Bernstein-Bézier Galerkin-Characteristics Finite Element Method for Convection-Diffusion Problems

Abstract

A class of Bernstein-Bézier basis based high-order finite element methods is developed for the Galerkin-characteristics solution of convection-diffusion problems. The Galerkin-characteristics formulation is derived using a semi-Lagrangian discretization of the total derivative in the considered problems. The spatial discretization is performed using the finite element method on unstructured meshes. The Lagrangian interpretation in this approach greatly reduces the time truncation errors in the Eulerian methods. To achieve high-order accuracy in the Galerkin-characteristics solver, the semi-Lagrangian method requires high-order interpolating procedures. In the present work, this step is carried out using the Bernstein-Bézier basis functions to evaluate the solution at the departure points. Triangular Bernstein-Bézier patches are constructed in a simple and inherent manner over finite elements along the characteristics.
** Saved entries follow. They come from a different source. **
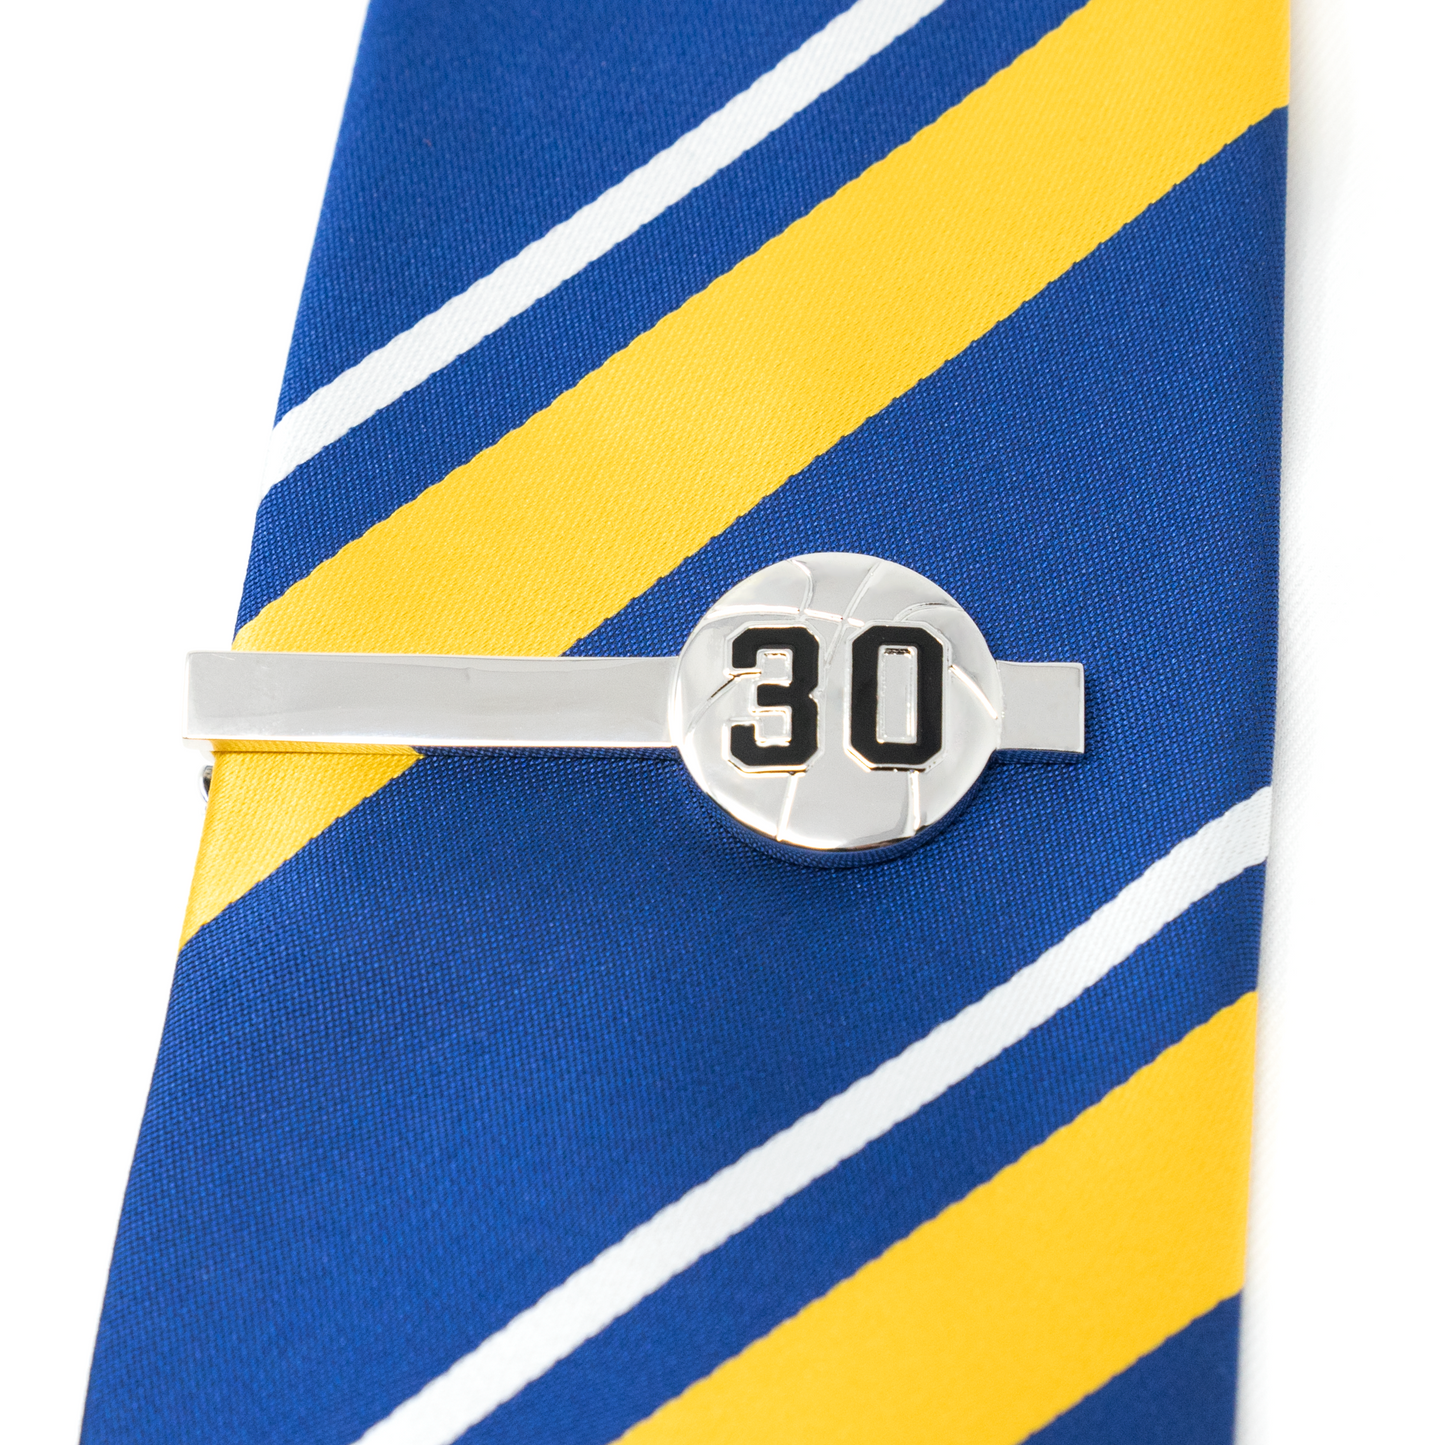 No. 30 Basketball Tie Clip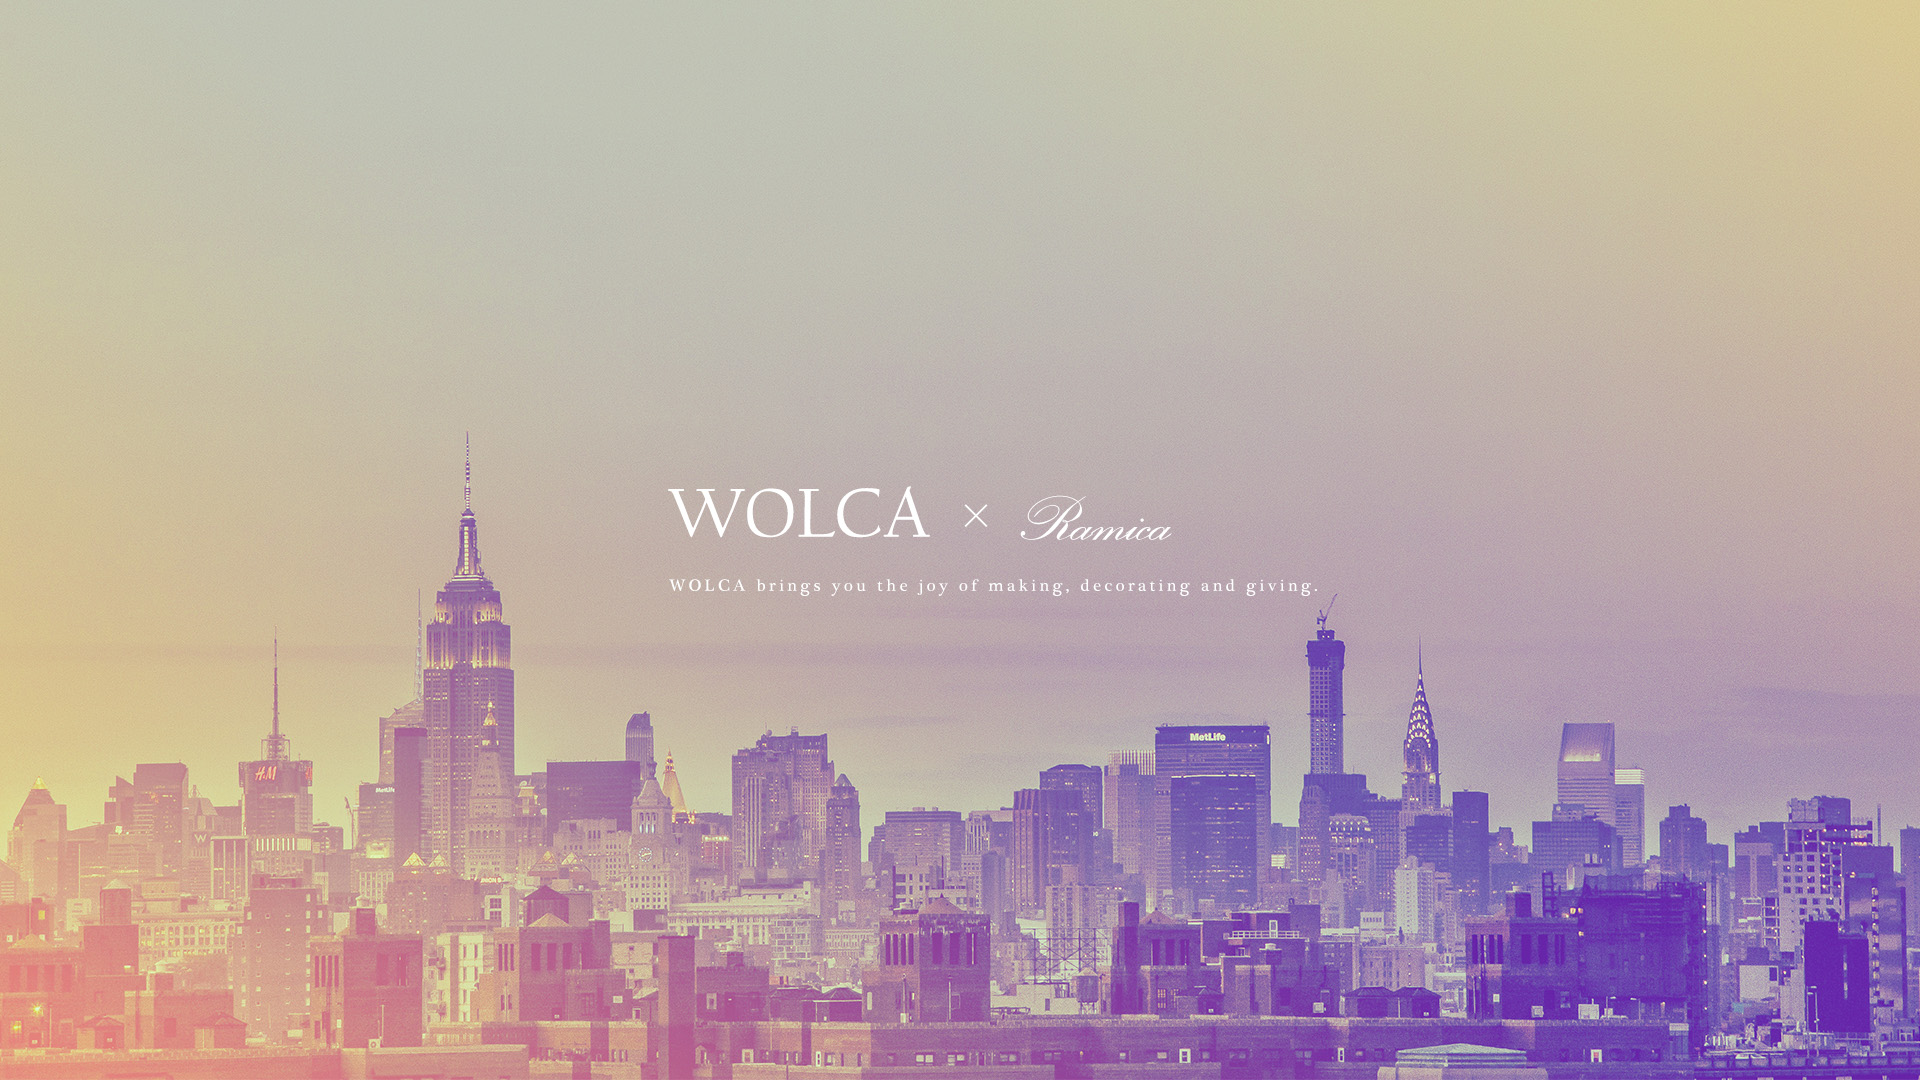 デスクトップpc用壁紙 都会のビル群の写真 Wolca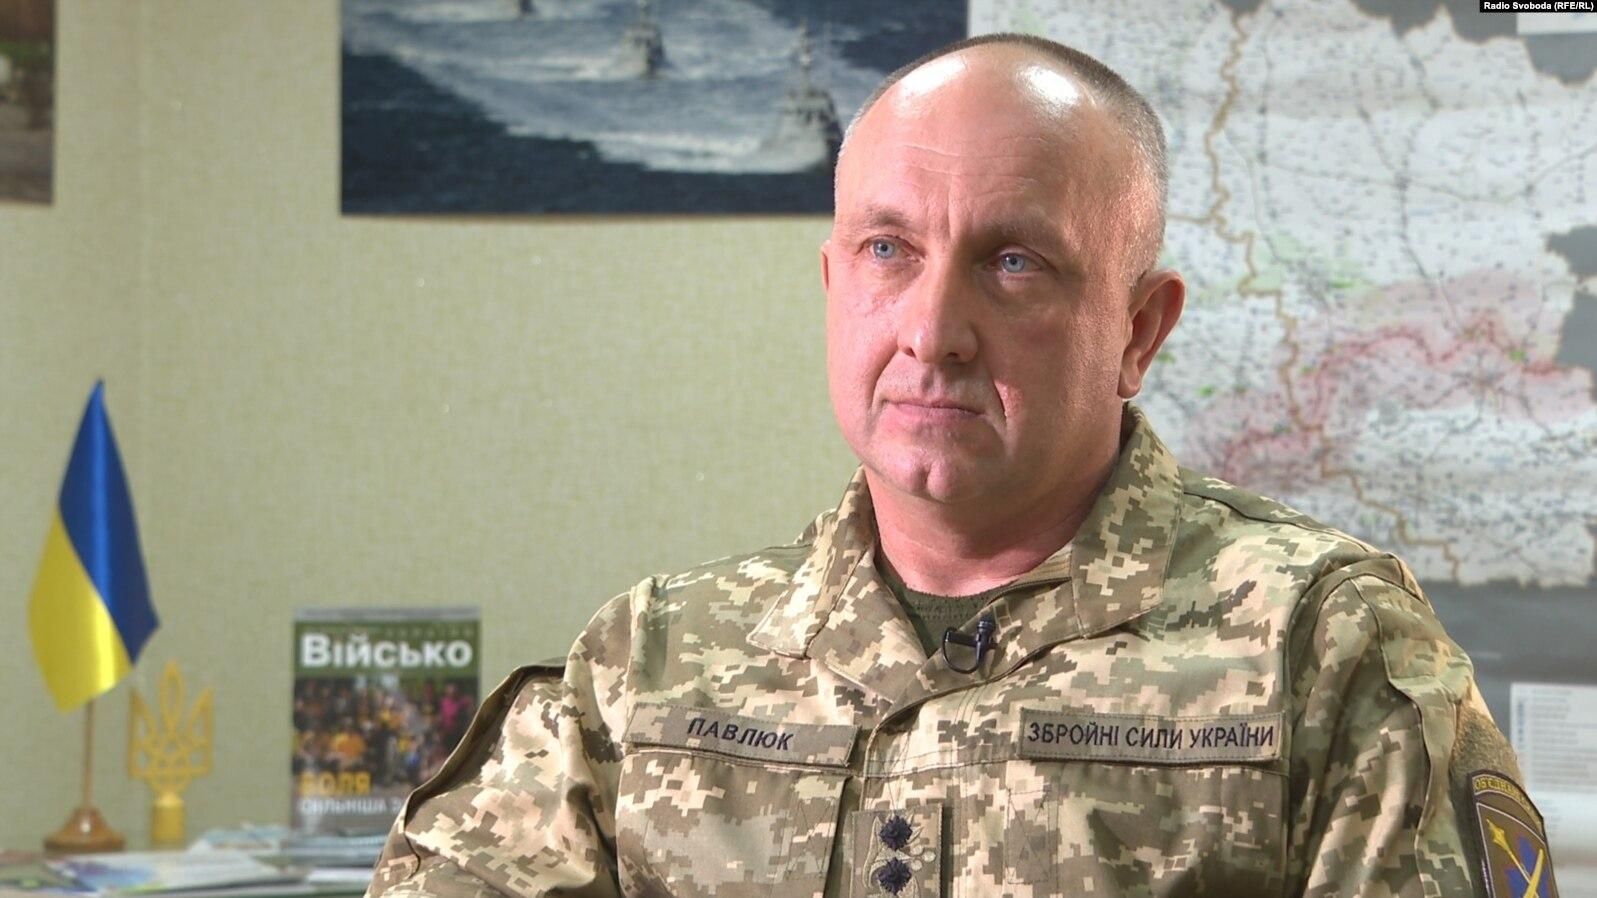 Зберігайте спокій та вірте ЗСУ, – командувач ООС розповів про ситуацію на Донбасі - Термінові новини - 24 Канал

An efficient preconditioned conjugate gradient solver is used for the linear systems of algebraic equations. Several numerical examples including advection-diffusion equations with known analytical solutions and the viscous Burgers problem are considered to illustrate the accuracy, robustness and performance of the proposed approach. The computed results support our expectations for a stable and highly accurate Bernstein-Bézier Galerkin-characteristics finite element method for convection-diffusion problems.